R. E. Ergun, C. W. Carlson, F. S. Mozer, G. T. Delory, M. Temerin, J. P. Mcfadden, D. Pankow, R. Abiad, P. Harvey, R. Wilkes, H. Primbsch, R. Elphic, R. Strangeway, R. Pfaff, Cynthia A Cattell

Research output: Contribution to journalReview articlepeer-review

49 Scopus citations

Abstract

We describe the electric field sensors and electric and magnetic field signal processing on the FAST (Fast Auroral SnapshoT) satellite. The FAST satellite was designed to make high time resolution observations of particles and electromagnetic fields in the auroral zone to study small-scale plasma interactions in the auroral acceleration region. The DC and AC electric fields are measured with three-axis dipole antennas with 56 m, 8 m, and 5 m baselines. A three-axis fluxgate magnetometer measures the DC magnetic field and a three-axis search coil measures the AC magnetic field.
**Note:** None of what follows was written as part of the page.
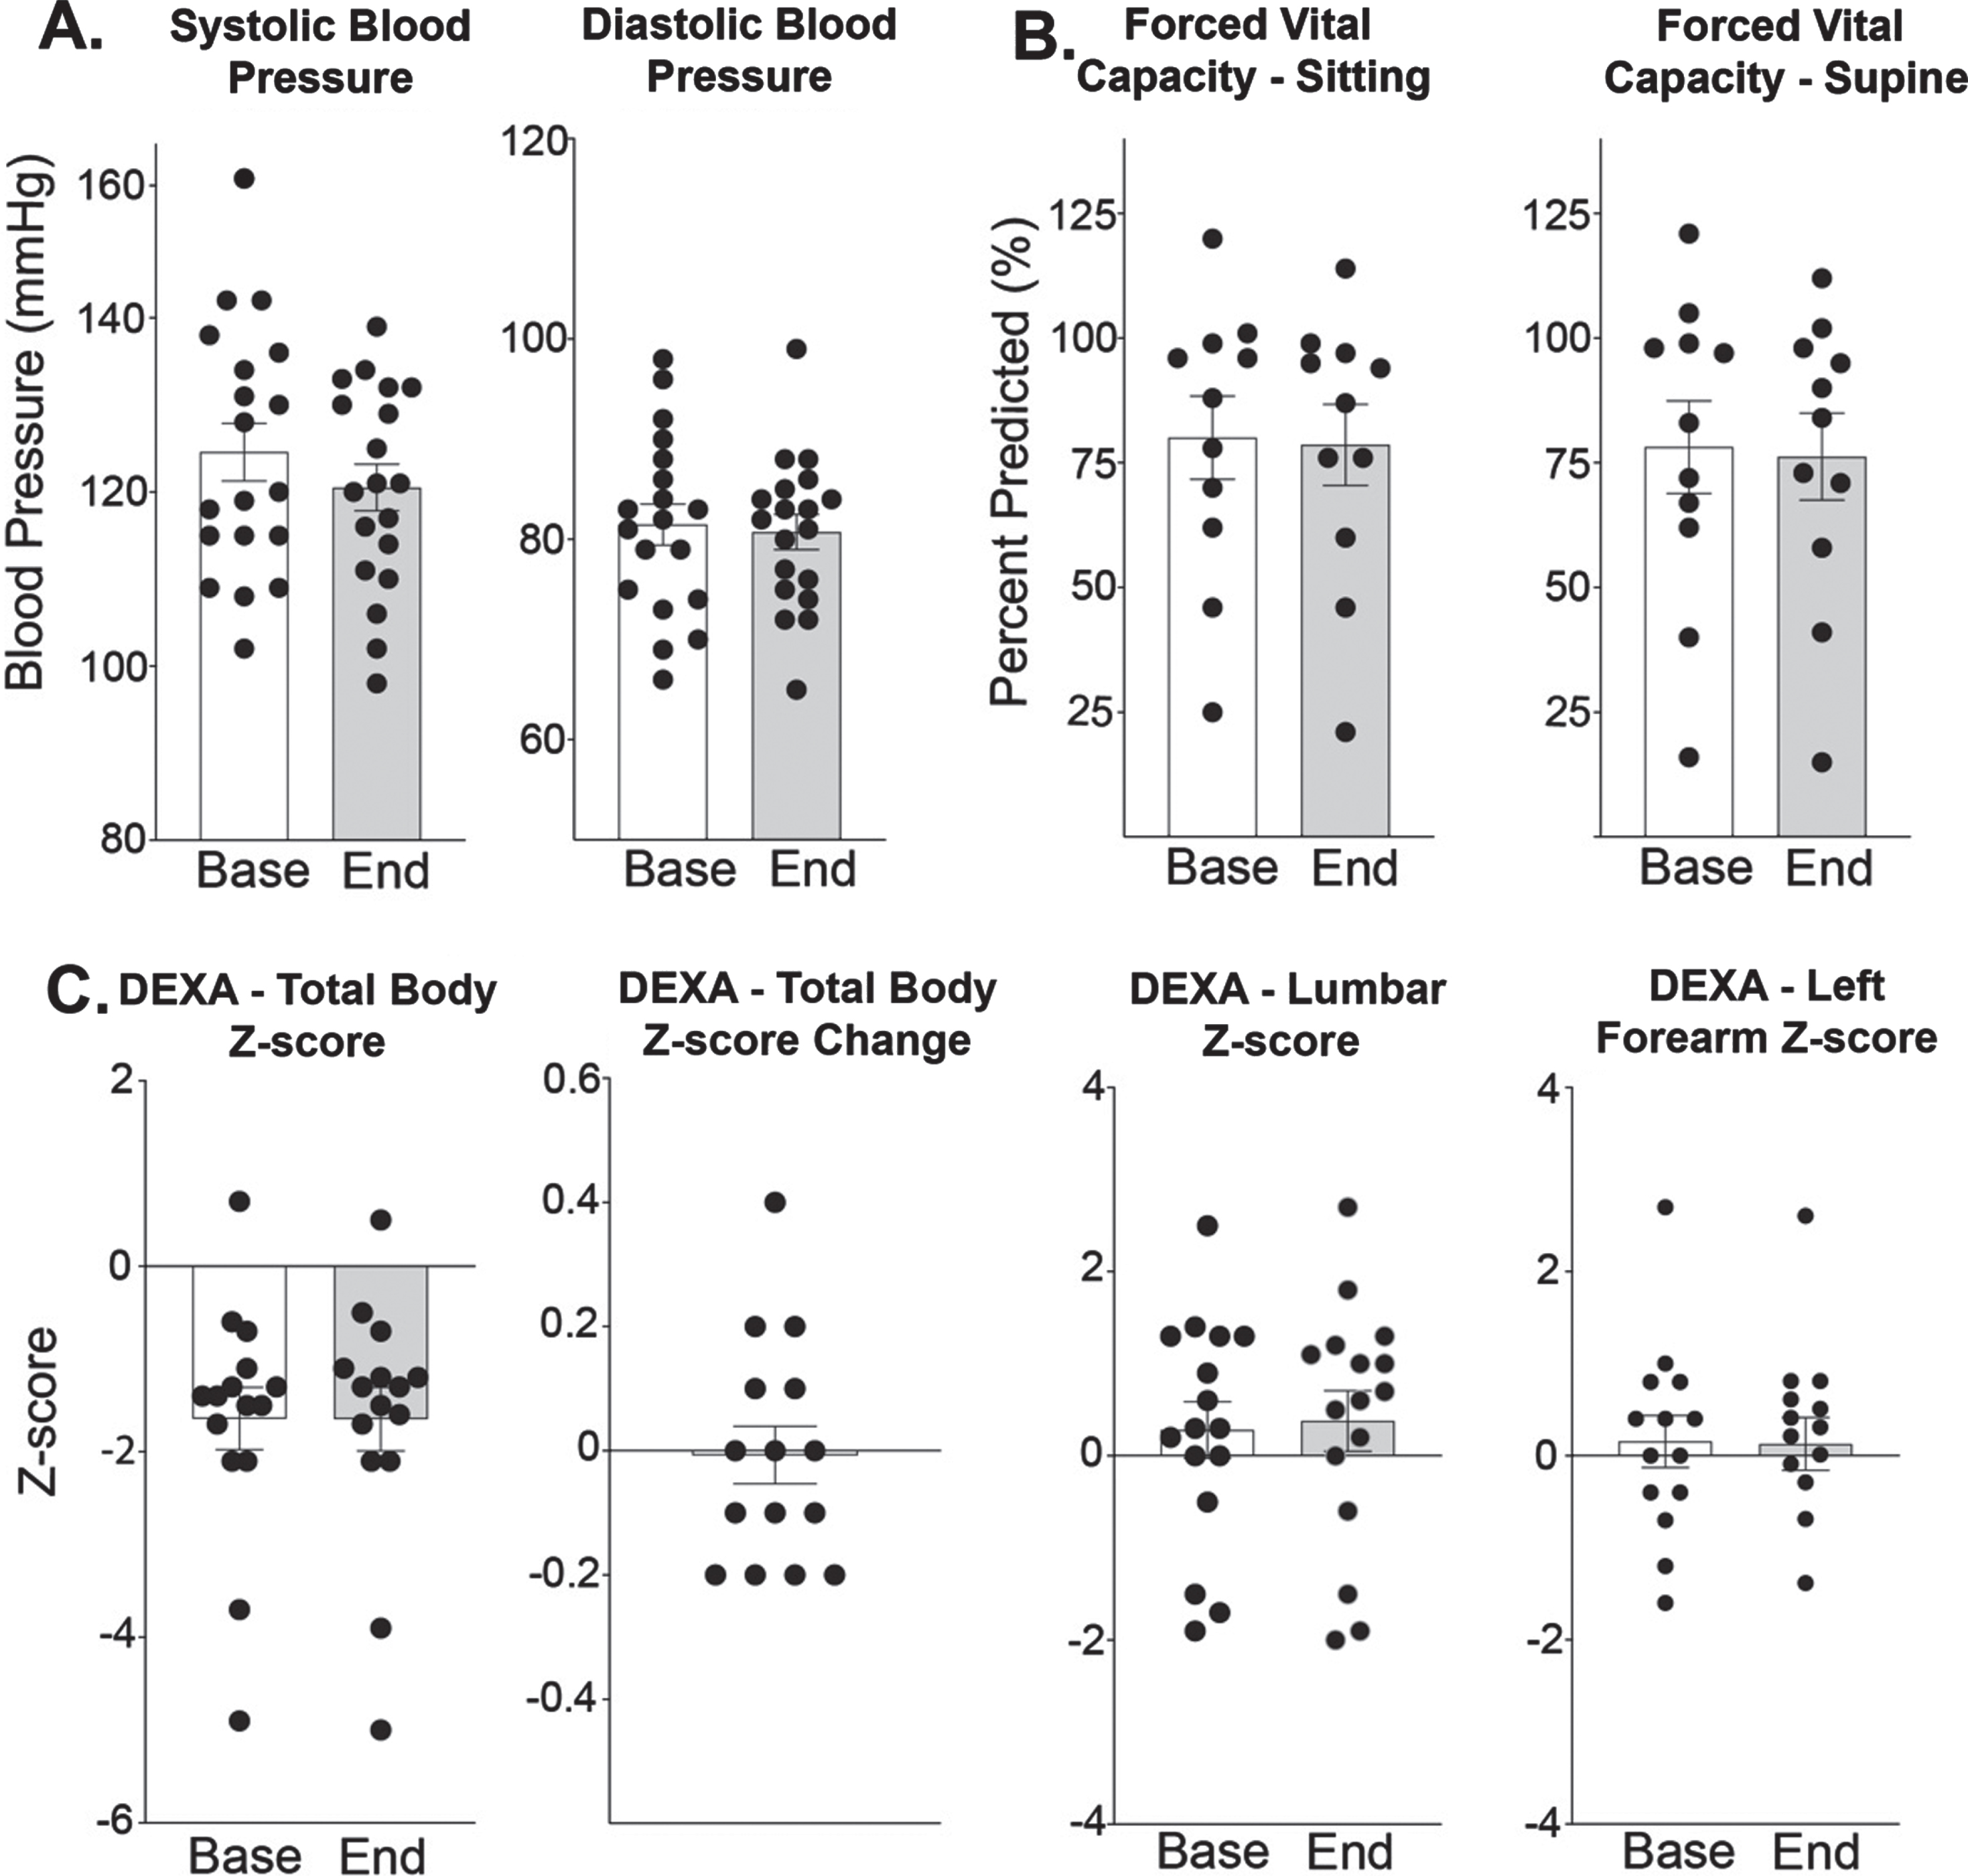 Weekly steroids over 6-month period do not significantly alter blood pressure, respiratory function, or bone density. (A) Systolic and diastolic blood pressure did not significantly increase. (B) Respiratory capacity remained stable in both the supine and sitting positions. (C) Total body bone density Z-score remained stable from –1.64 (±0.33) to –1.65 (±0.34) (n = 15, p = 0.828). Lumbar Z-scores were determined from L1–L4 and at study onset was 0.28 (±0.31) compared to 0.38 (±0.33) at study end (n = 16, p = 0.471). Left forearm Z-score remained stable from 0.16 (±0.28) to 0.13 (±0.29) (n = 15, p = 0.957). Histograms depict single values and mean +/- SEM; *P < 0.05 vs baseline; paired t-test, nonparametric, Wilcoxon matched-pairs signed rank test.

A central signal processing system receives all signals from the electric and magnetic field sensors. Spectral coverage is from DC to ∼4 MHz. There are several types of processed data. Survey data are continuous over the auroral zone and have full-orbit coverage for fluxgate magnetometer data. Burst data include a few minutes of a selected region of the auroral zone at the highest time resolution. A subset of the burst data, high speed burst memory data, are waveform data at 2 × 106 sample s-1. Electric field and magnetic field data are primarily waveforms and power spectral density as a function of frequency and time. There are also various types of focused data processing, including cross-spectral analysis, fine-frequency plasma wave tracking, high-frequency polarity measurement, and wave-particle correlations.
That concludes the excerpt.